Status: Announced; expected to close April 2026
Equitable – Corebridge ~$22B Merger
All-Stock Merger | Announced March 26, 2026
Strategic thesis: Combines two life platforms into a scaled retirement and insurance powerhouse.
Why it matters:
- Drives scale efficiencies in life insurance
- Enhances capital and distribution capabilities
Bottom line: Scale continues to be a defining advantage in life insurance.
Status: Announced; expected close by year-end 2026
Starr – Acquisition of IQUW Group (Completed)
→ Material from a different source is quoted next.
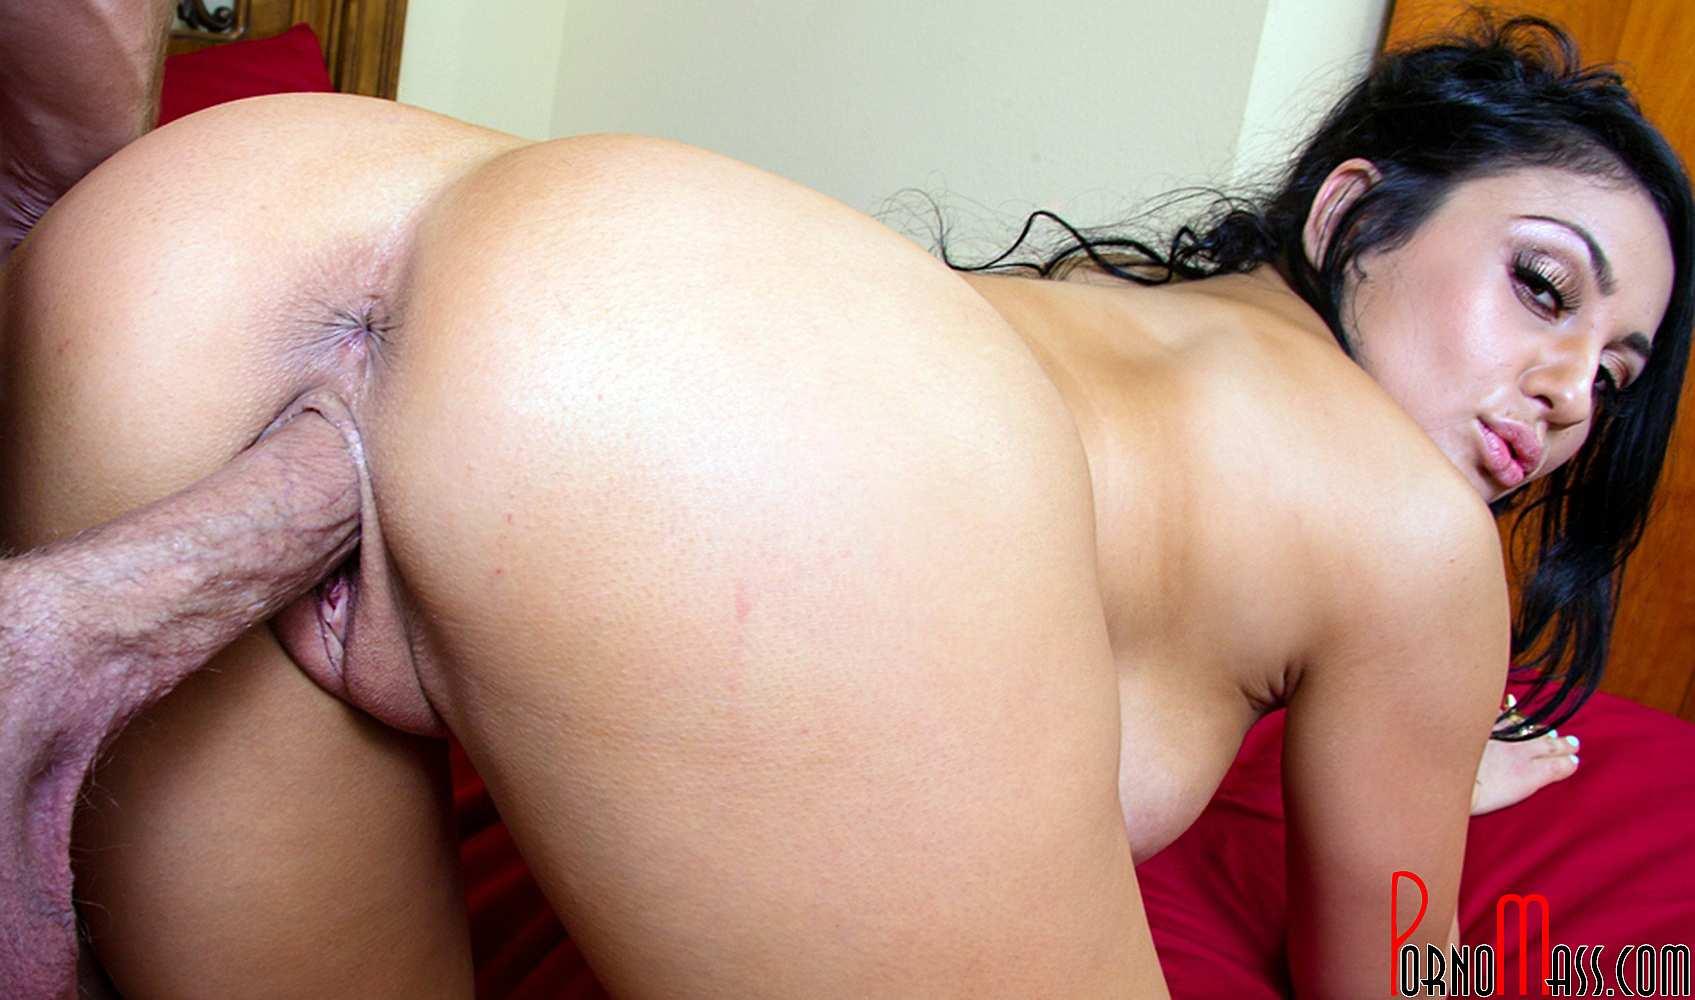 porno chicas toro porn

Strategic Acquisition | Closed March 23, 2026
Strategic thesis: Expands Starr’s presence in specialty and Lloyd’s markets.
Why it matters:
- Strengthens underwriting footprint in specialty lines
- Enhances global distribution and capacity
Bottom line: Consolidation in specialty insurance continues to accelerate.
Status: Closed
Overall Takeaway
This week’s deals reinforce a single theme:
Insurance is being re-architected around workflows, data, and capital.
- AI is moving into decision-making layers
- Infrastructure players are capturing control points
- Private capital is reshaping balance sheets and distribution
The competitive edge is no longer distribution or brand.
It’s:
Who owns the workflow—and who controls the capital behind it.